For a decade, Venezuela’s higher academia has been suffering from an institutional dismantling plan orchestrated by Venezuela’s Nicolás Maduro for not bowing to his authoritarianism, Tulio Ramírez, a tenured Venezuelan professor at the Andrés Bello Catholic University, told international research platform The Conversation.
“The essence of the plan of attack on Venezuelan universities lies in a single factor: to completely eliminate critical thinking and the development of the people,” Daniel Varnagy, a political science scholar at Venezuela’s Simón Bolívar University, told Diálogo on September 3rd. “Any kind of constructive dissent is totally disapproved of.”
Systematic budget cuts, paltry salaries, damaged facilities, closed laboratories, limited student benefits (dining hall, transportation, scholarships) and attacks on physical facilities are part of this plan in order to destroy the institutions, Ramírez said.
The deterioration causes a diaspora in the teaching staff. It is estimated that, in 2022, about 3,500 professors resigned from their positions to accept offers from universities in other countries.
The decrease in the number of faculty and the progressive fall in student enrollment are evident trends. There is an estimated 60 to 70 percent decline in enrollment. There are currently 71 university institutes, 61 of which are under the regime’s control, according to a report by international journalistic research platform Connectas.
Training and research programs in Venezuela are also influenced by government ideology. Since mid-2008 an attempt was made to reduce the productivity of researchers and universities and to weaken the programs that exhibited quality and academic excellence, German news agency DW reported.

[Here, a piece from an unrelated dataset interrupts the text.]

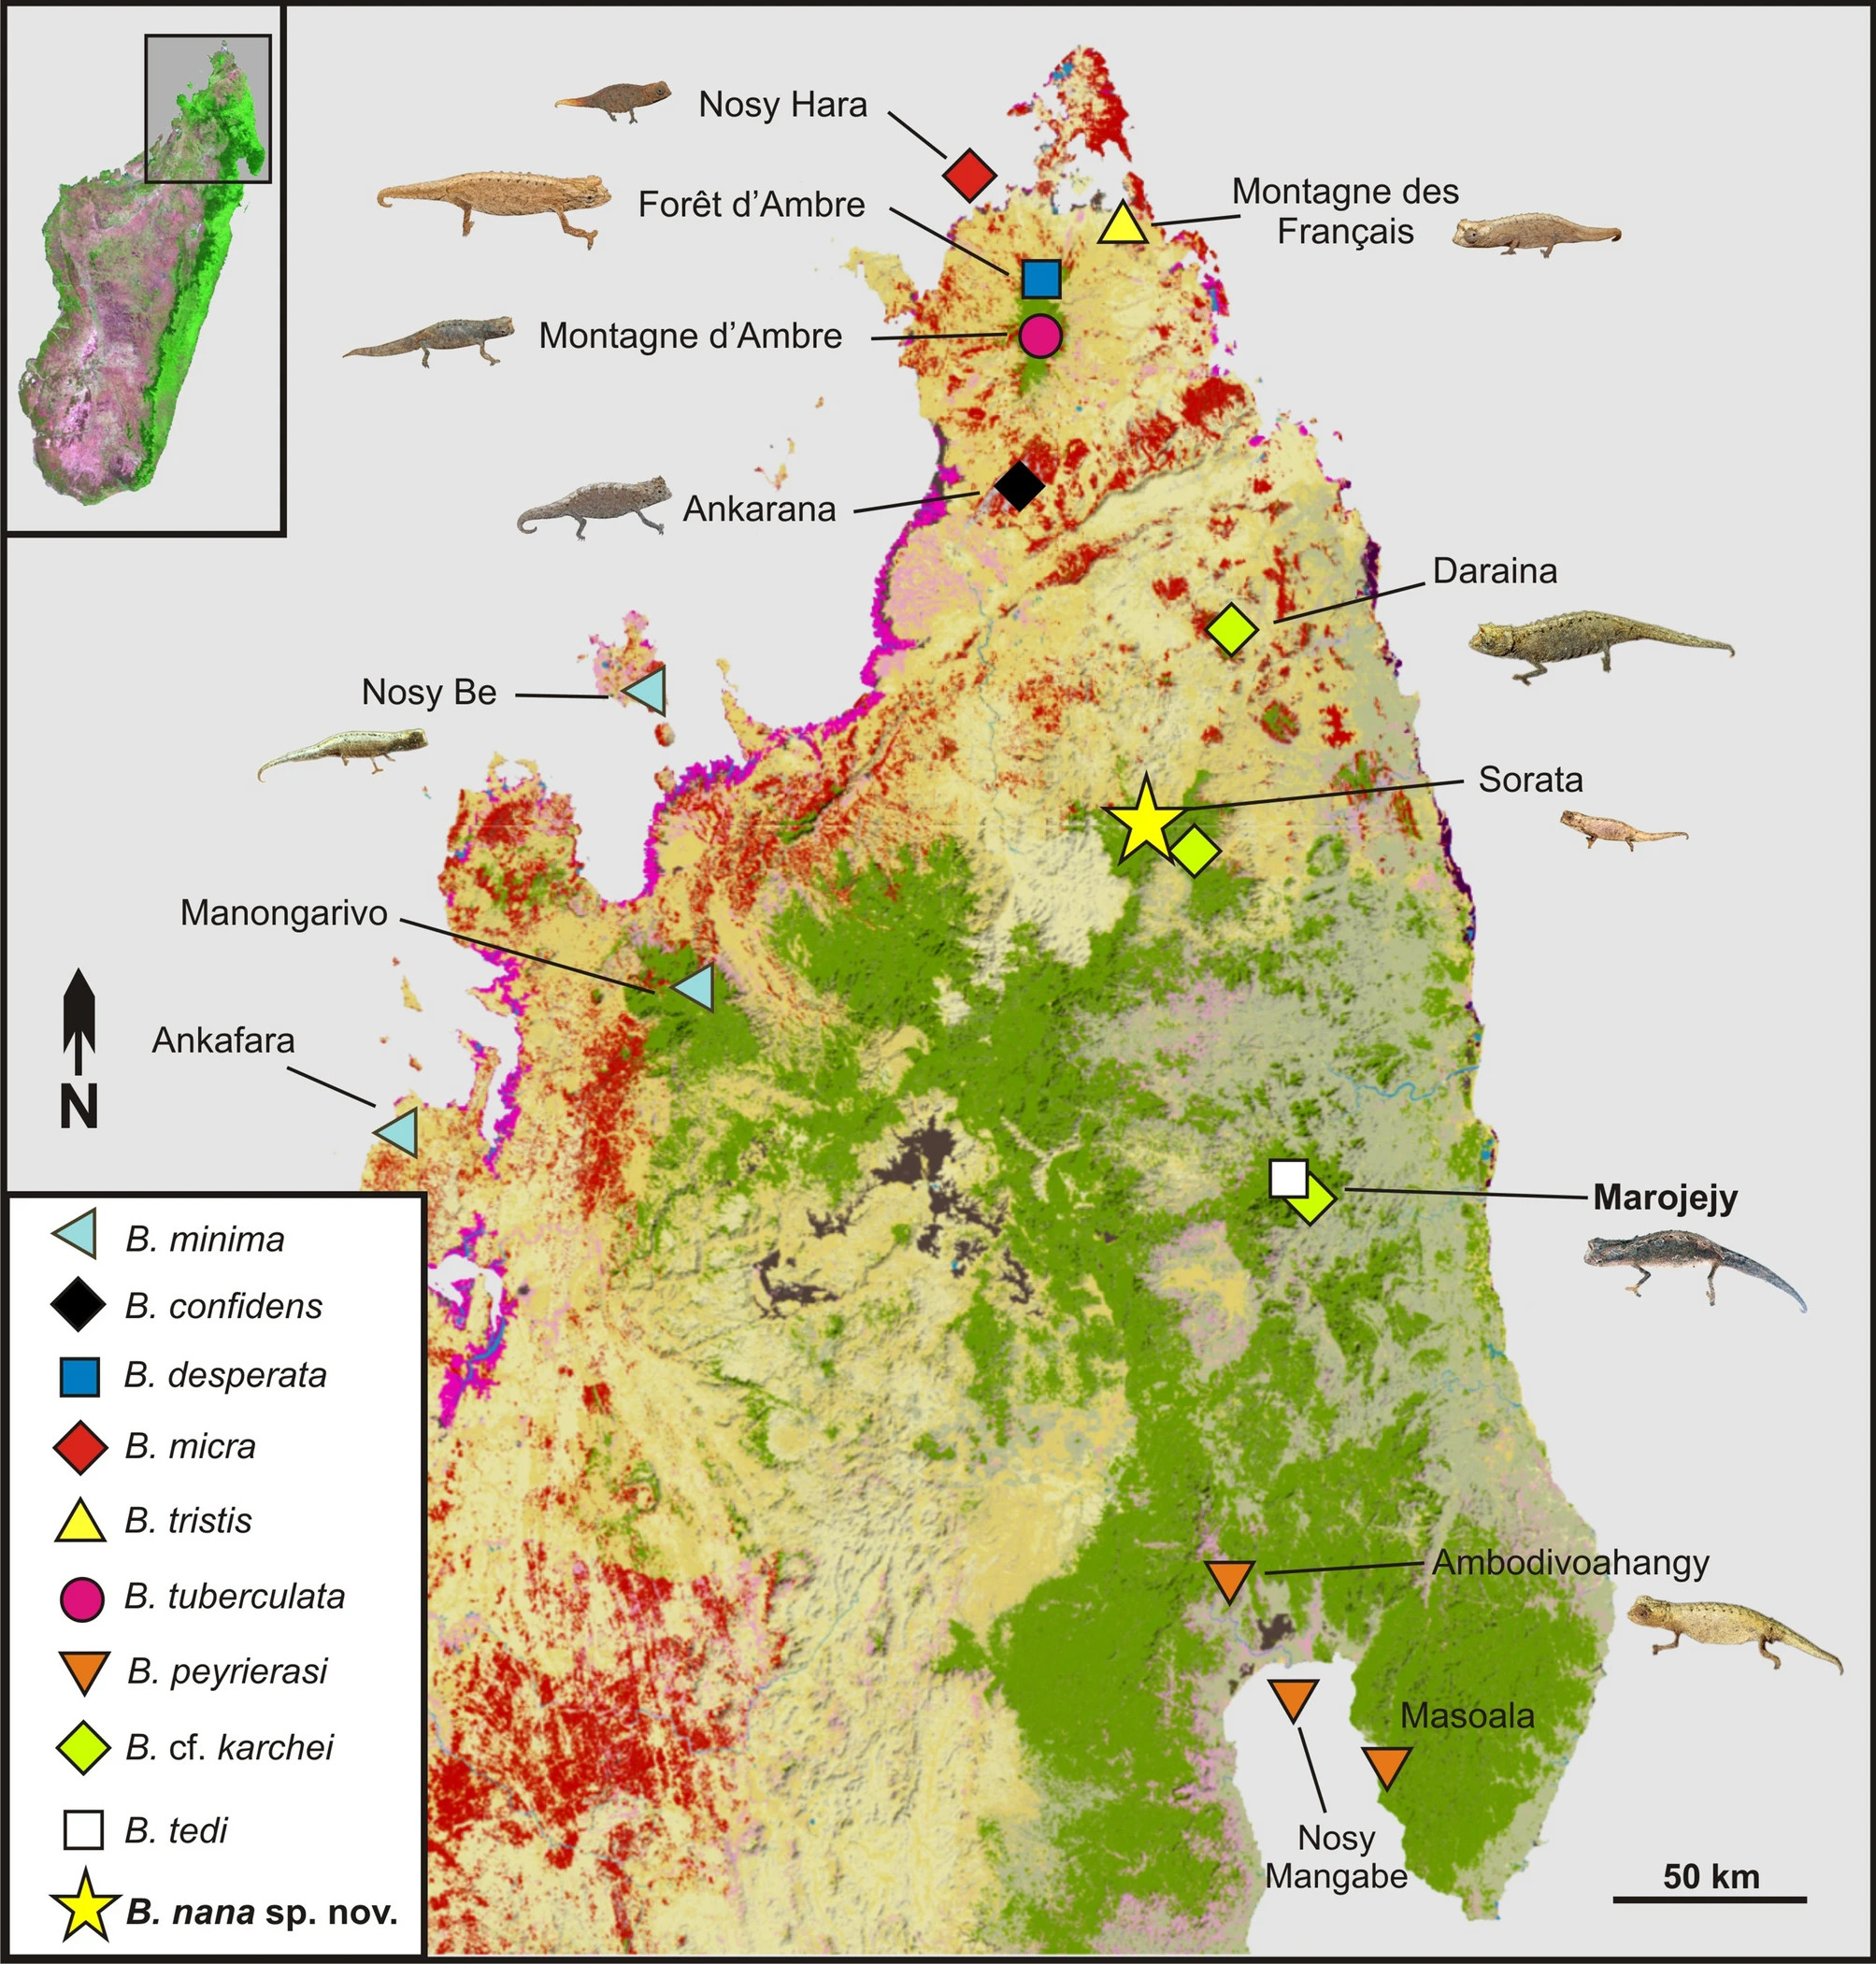  A spread of Brookesia species in Northern Madagascar. (Graphic: Glaw et al. 2021, Other)

According to Connectas, the Chavismo plan began in 2003, with the creation of the Sucre Mission and the Bolivarian University of Venezuela. This political project has distorted the educational purpose, at it conceives education as a tool for political and ideological confrontation, DW reported.
It also points out that following its plans, in 2009 Chavismo implemented the Education Law and introduced the concept of the teaching state, giving the regime control over regulations, elections of authorities, budgets, and university teacher training.
Two decades later, the substantial funds earmarked for alternative higher education were scattered in institutes where political militancy prevails and in universities that, for the most part, were never built and never came to operate, Connectas reported.
“In Venezuela, new educational institutions emerged with an ideological focus in favor of Chavism and Madurism, where quality scientific research is neither carried out nor of interest,” Varnagy said. “Everything dwindled; there are fewer professors and a reduced number of students. It’s a tragedy.”
The six autonomous universities, such as the Central University of Venezuela (UCV), and the four experimental ones not controlled by the pro-Maduro regime, closed laboratories, classrooms, and other spaces due to the scarce budget to maintain them and due to the large number of robberies they are victims of because they do not have enough security personnel, Connectas reported.
After nearly 15 years, UCV defied state interventionism and pressures, including from the Judiciary. In June, it held elections for 293 university government and co-government positions, despite the regime’s Organic Law of Education, which mandates universities to include workers and administrative personnel, which are not professors, students, or graduates, in the voting process for university authorities.
“The objective is to include non-academic personnel and workers in order to cede power over university governance to a bloc of mostly pro-Maduro voters and to force universities to be oriented toward Bolivarian socialism,” indicated the report, The Decline of the Venezuelan University, by Venezuelan nongovernmental organization Aula Abierta and the Human Rights Observatory of the University of the Andes.
Autonomous universities and their members have faced several obstacles. Examples include the opening of criminal and administrative proceedings against rectors of the Venezuelan Association of University Rectors, as well as interventions from public power institutions, Connectas said.
The arbitrary appointment of university authorities by the National Council of Universities and the Ministry of Education; political discrimination; criminalization of student protests; and the poor quality of life of professors, administrative staff, and students are other challenges that have been observed.
“Today university professors in Venezuela are not only the worst paid in Latin America, but on the planet,” at $18 a month, José Gregorio Afonso, president of the Association of University Professors of the UCV, told U.S. platform Voice of America on August 9.
“The damage inflicted on the universities is irreparable, similar to what happened with the dismissal of 20,000 people during the PDVSA [Venezuelan state-owned oil company] oil strike. When you throw people out, you also throw away their experience and knowledge,” Varnagy said. “Students are abandoning university education in search of jobs with limited future prospects and many emigrate from the country.”
If the political and thought system does not change, the authoritarian system will continue to reduce the influence and advancement of universities. “Leftist states tend to spend on handouts and political compromises instead of investing in education and research,” Varnagy concluded.